**What is needed**
The expected output is each line from the one containing "Léa-Fery-photo" to the last line of the data below, set down exactly, minus the pictures.

═════ Data under study ═════

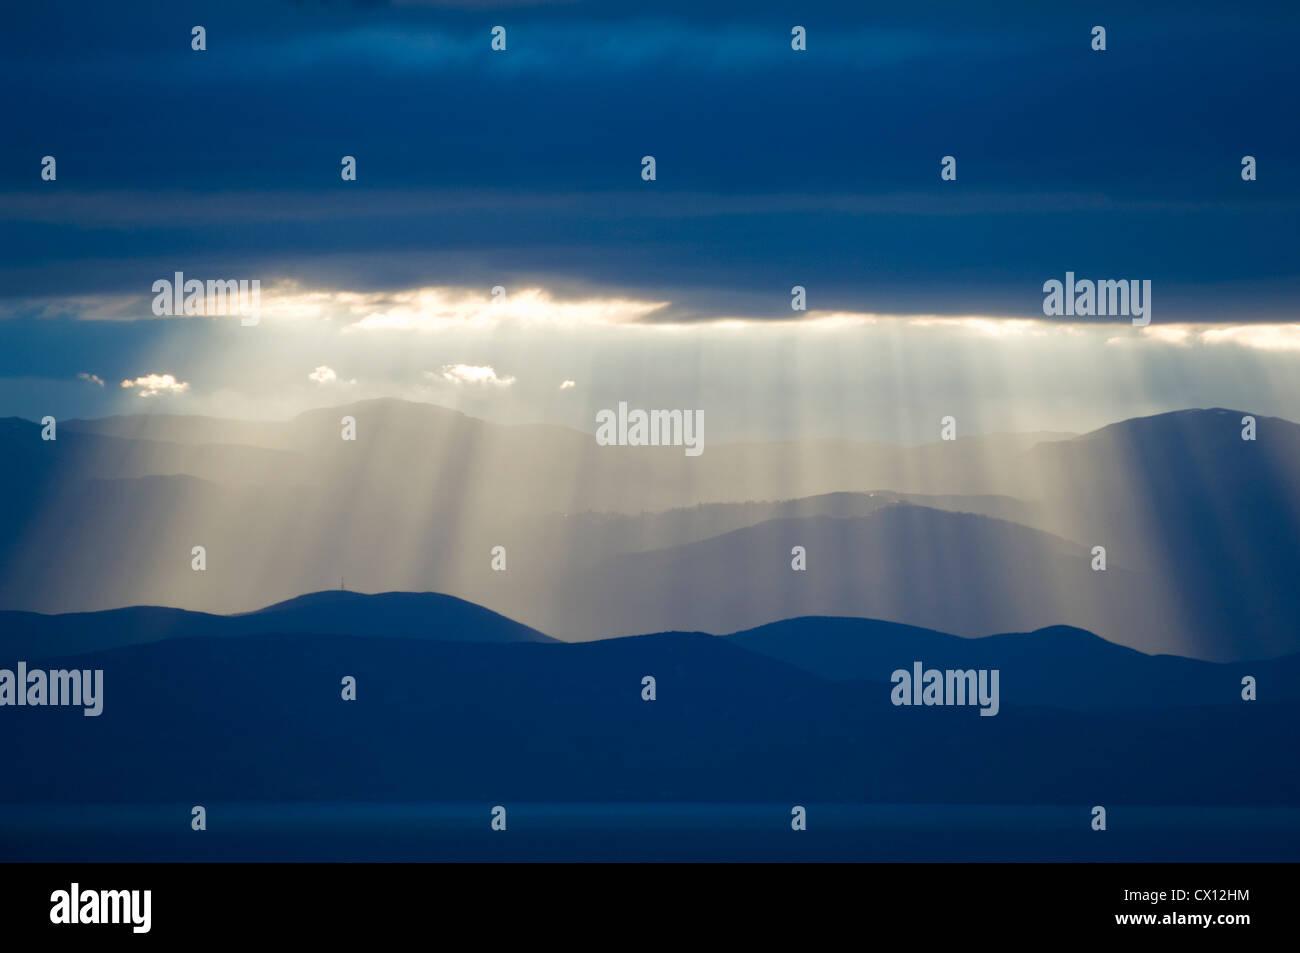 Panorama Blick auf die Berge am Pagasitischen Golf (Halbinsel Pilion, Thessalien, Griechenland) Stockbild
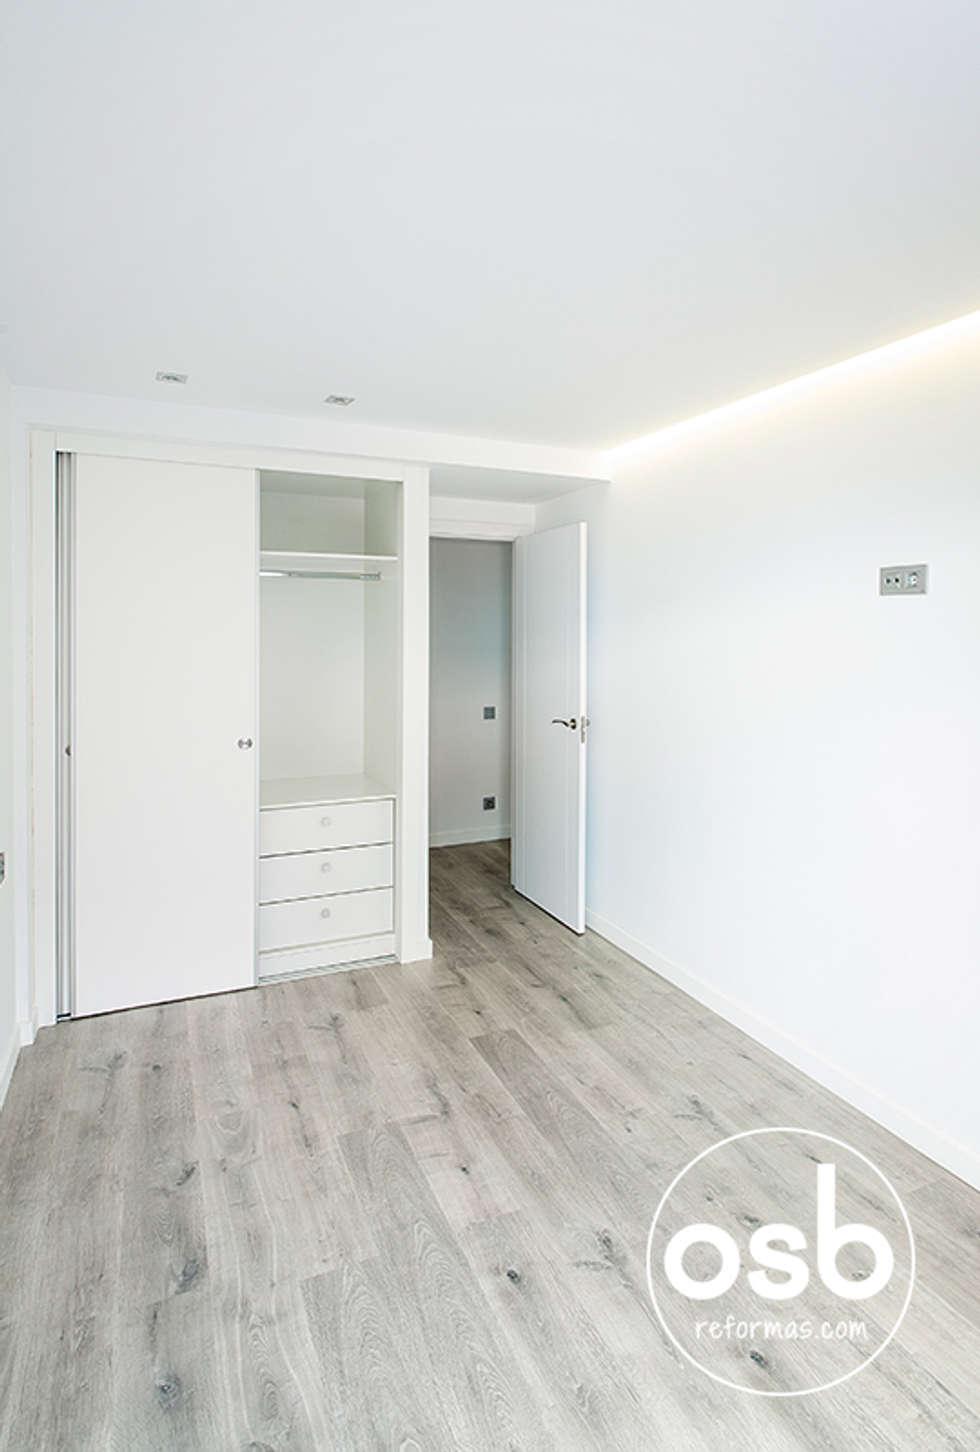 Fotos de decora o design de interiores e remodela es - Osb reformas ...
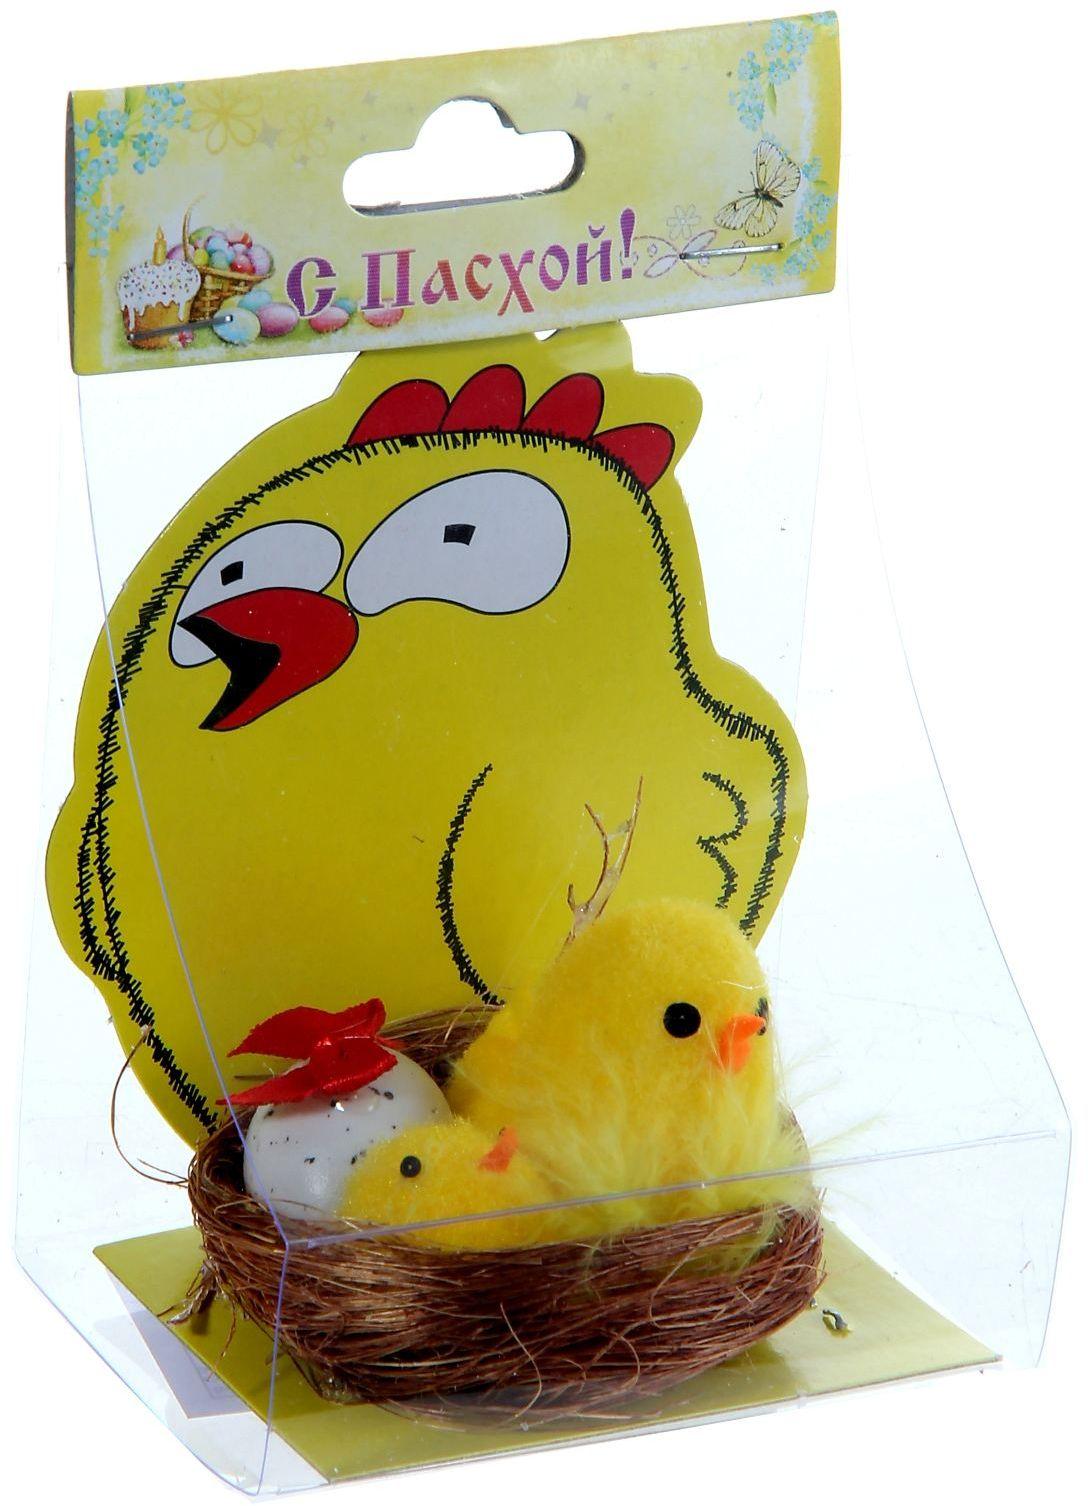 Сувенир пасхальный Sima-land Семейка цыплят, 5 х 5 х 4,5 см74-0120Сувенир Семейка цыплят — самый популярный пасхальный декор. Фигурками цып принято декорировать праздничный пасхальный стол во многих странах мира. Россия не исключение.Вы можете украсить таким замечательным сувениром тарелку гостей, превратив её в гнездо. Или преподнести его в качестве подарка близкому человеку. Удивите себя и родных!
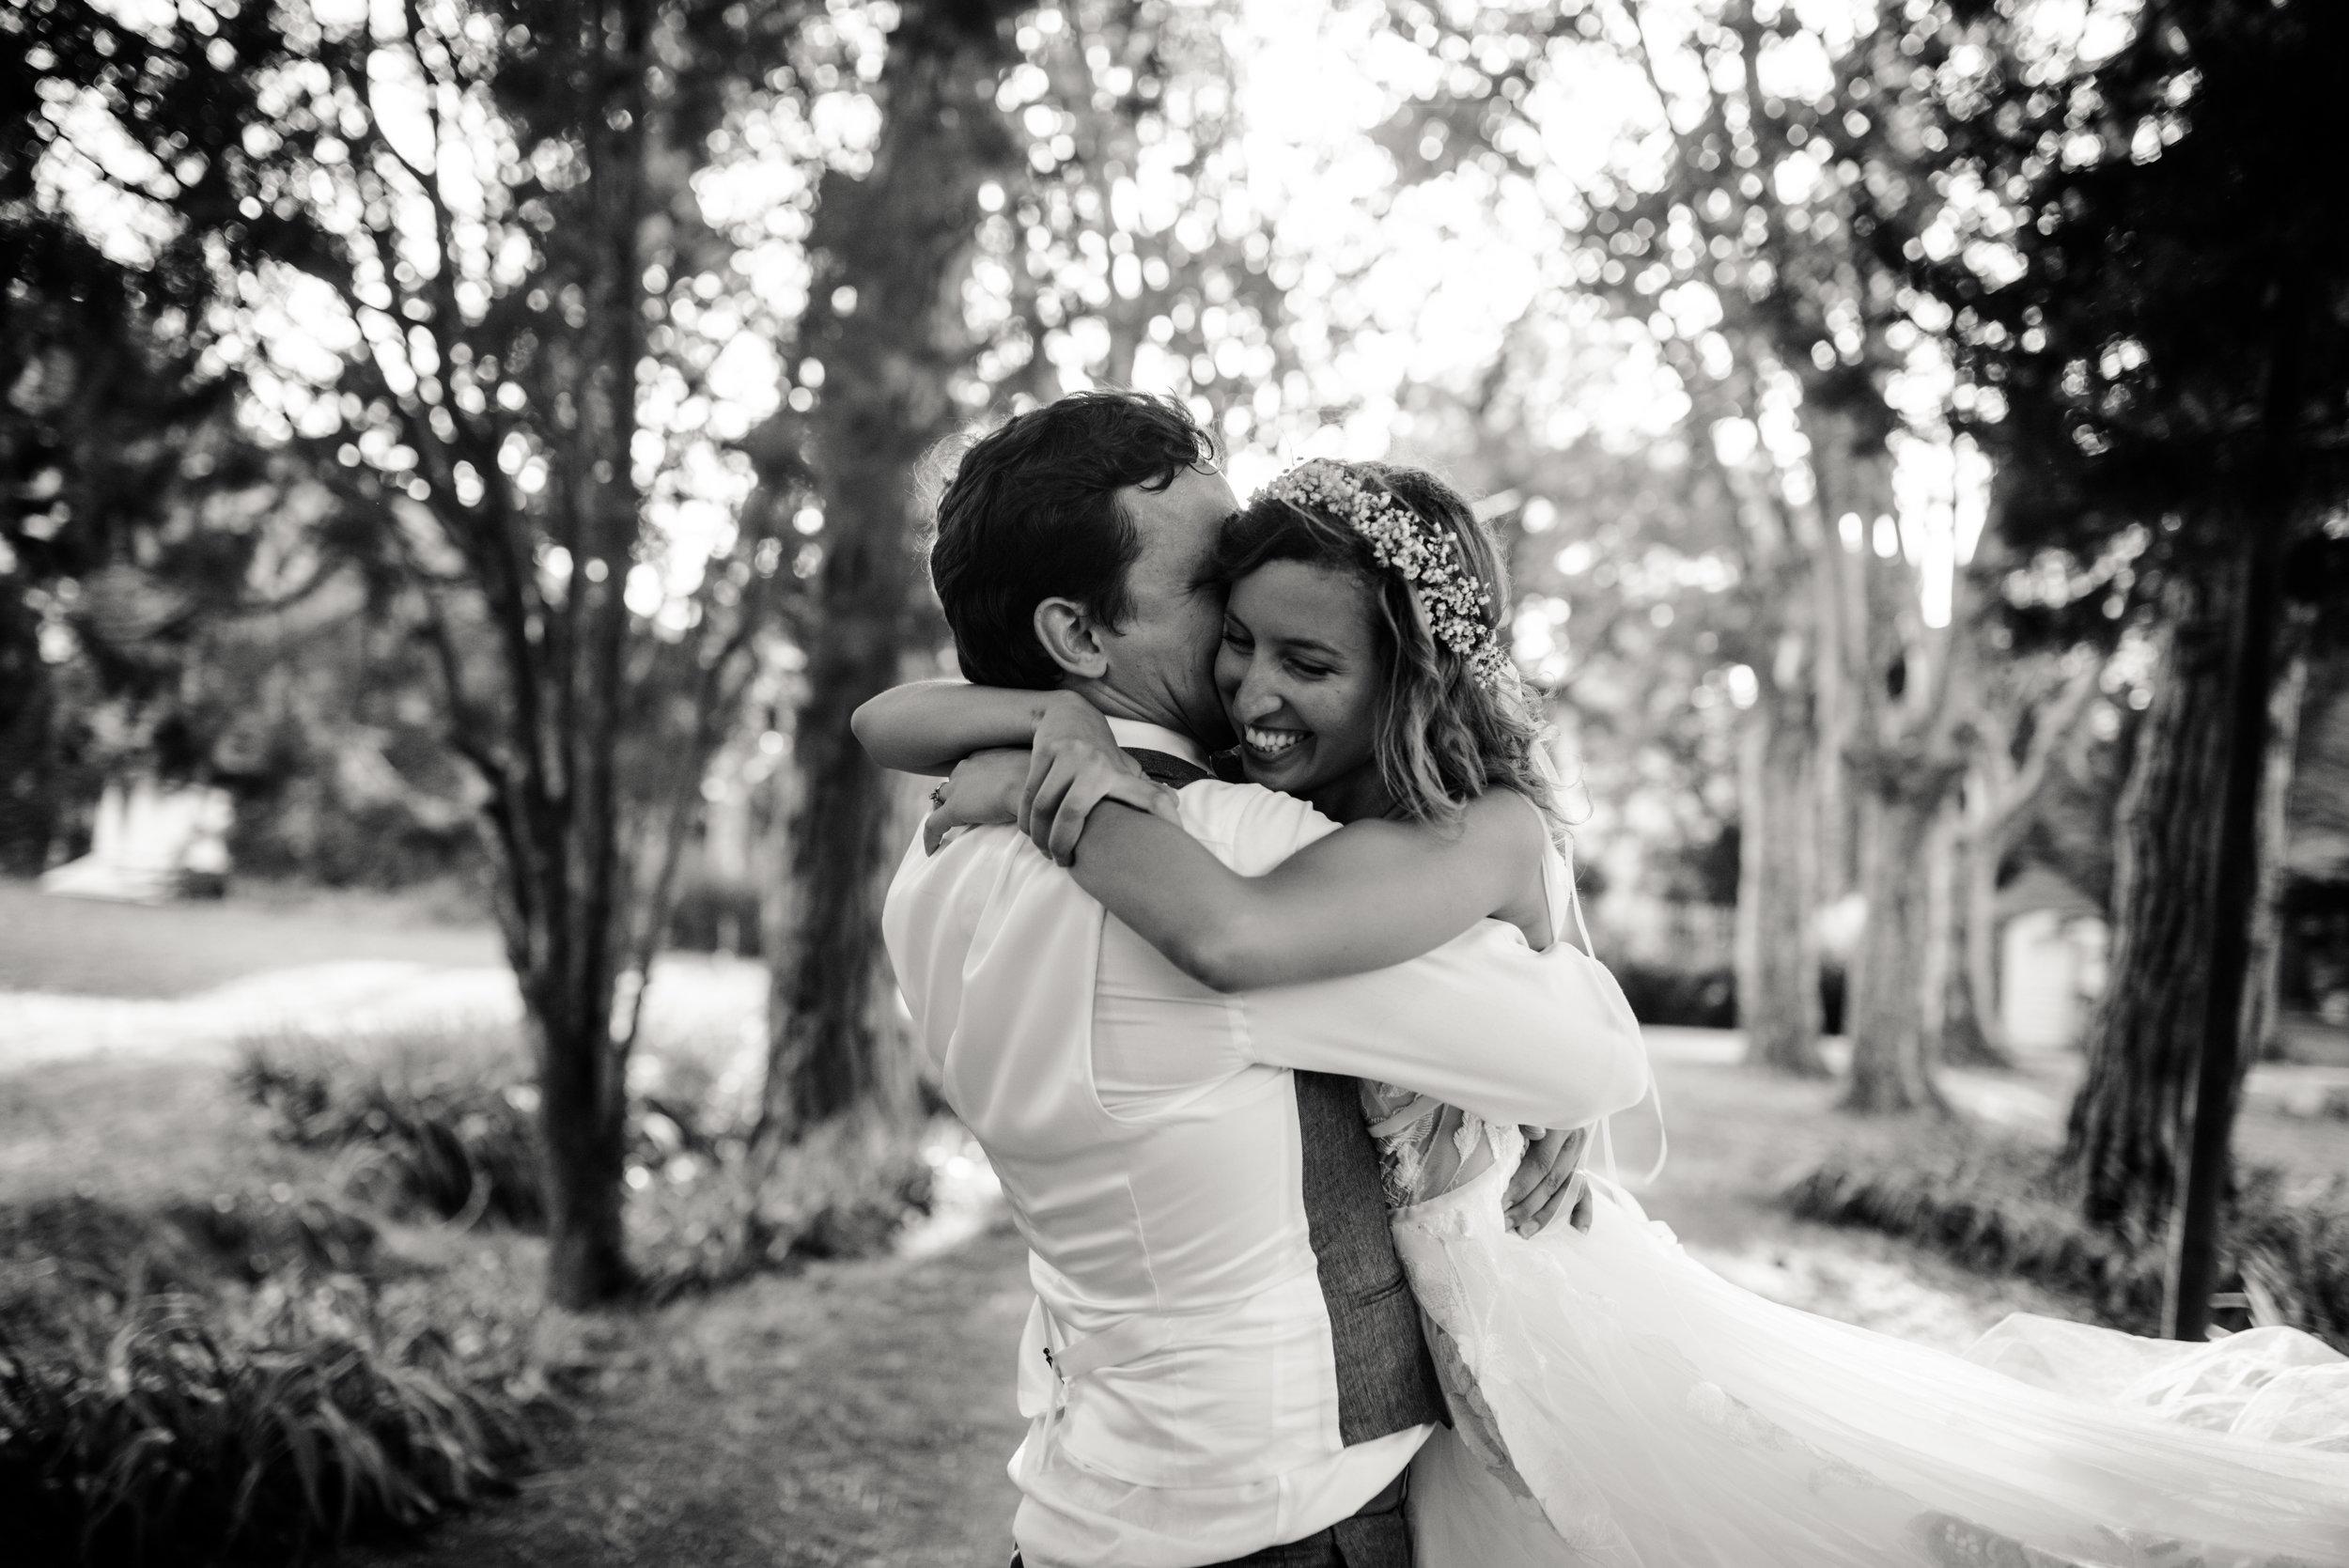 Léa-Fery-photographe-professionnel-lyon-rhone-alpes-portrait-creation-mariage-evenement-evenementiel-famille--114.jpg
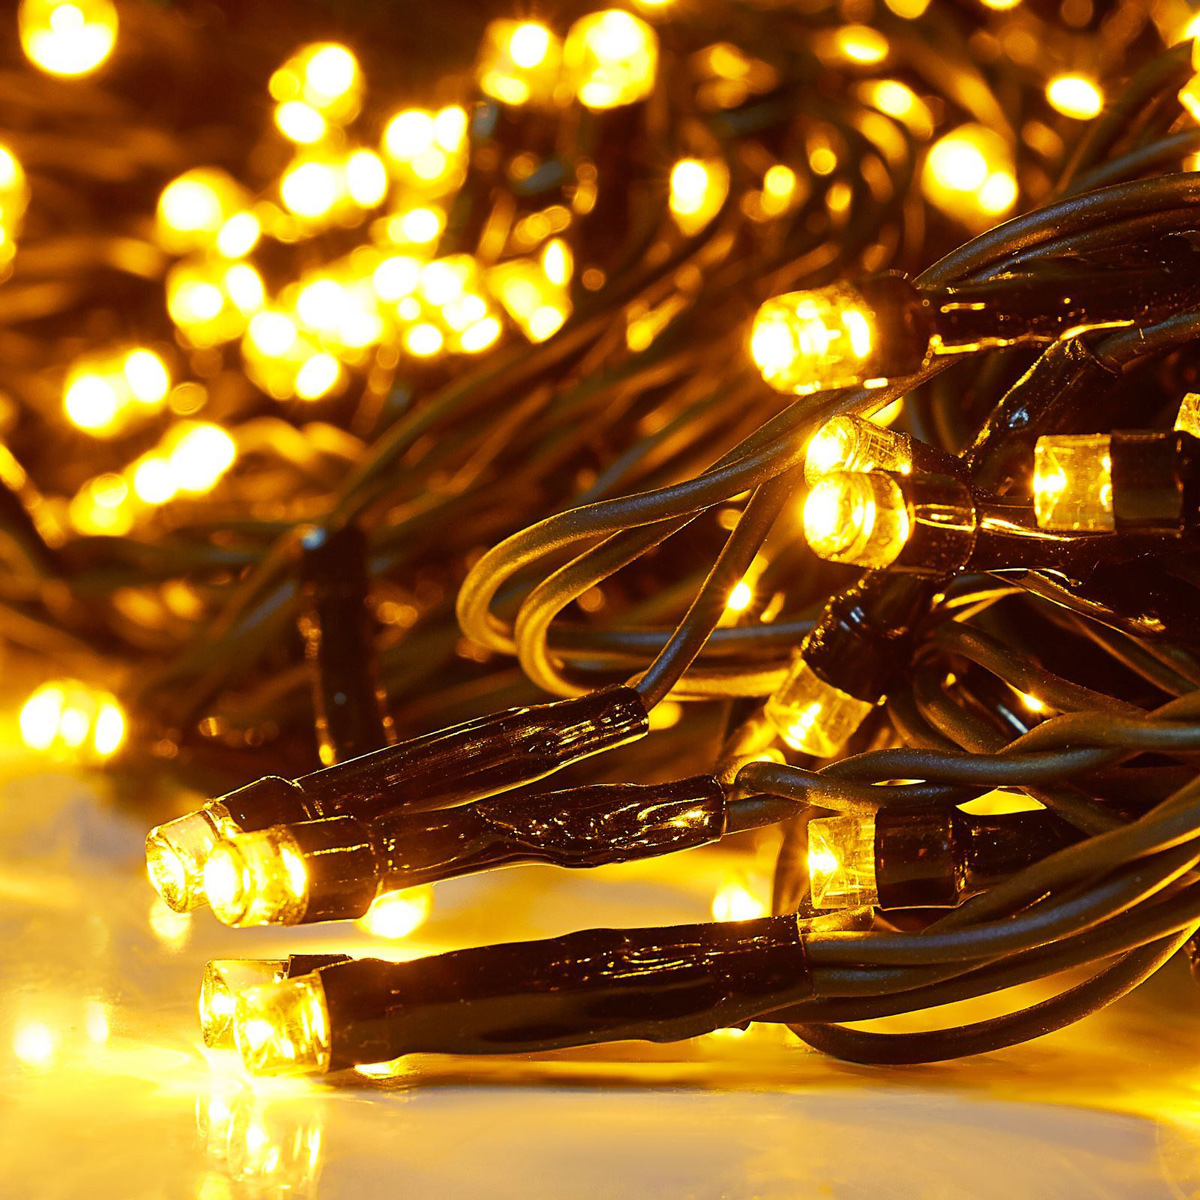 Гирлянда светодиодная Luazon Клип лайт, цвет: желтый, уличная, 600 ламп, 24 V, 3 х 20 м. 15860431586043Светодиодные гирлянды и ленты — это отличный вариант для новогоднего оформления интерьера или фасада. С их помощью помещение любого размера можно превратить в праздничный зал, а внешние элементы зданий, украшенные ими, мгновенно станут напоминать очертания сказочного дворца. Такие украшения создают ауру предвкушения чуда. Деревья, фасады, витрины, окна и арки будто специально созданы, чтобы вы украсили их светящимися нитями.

═════

**Exercise result**
 Léa-Fery-photographe-professionnel-lyon-rhone-alpes-portrait-creation-mariage-evenement-evenementiel-famille--114.jpg
 Гирлянда светодиодная Luazon Клип лайт, цвет: желтый, уличная, 600 ламп, 24 V, 3 х 20 м. 15860431586043Светодиодные гирлянды и ленты — это отличный вариант для новогоднего оформления интерьера или фасада. С их помощью помещение любого размера можно превратить в праздничный зал, а внешние элементы зданий, украшенные ими, мгновенно станут напоминать очертания сказочного дворца. Такие украшения создают ауру предвкушения чуда. Деревья, фасады, витрины, окна и арки будто специально созданы, чтобы вы украсили их светящимися нитями.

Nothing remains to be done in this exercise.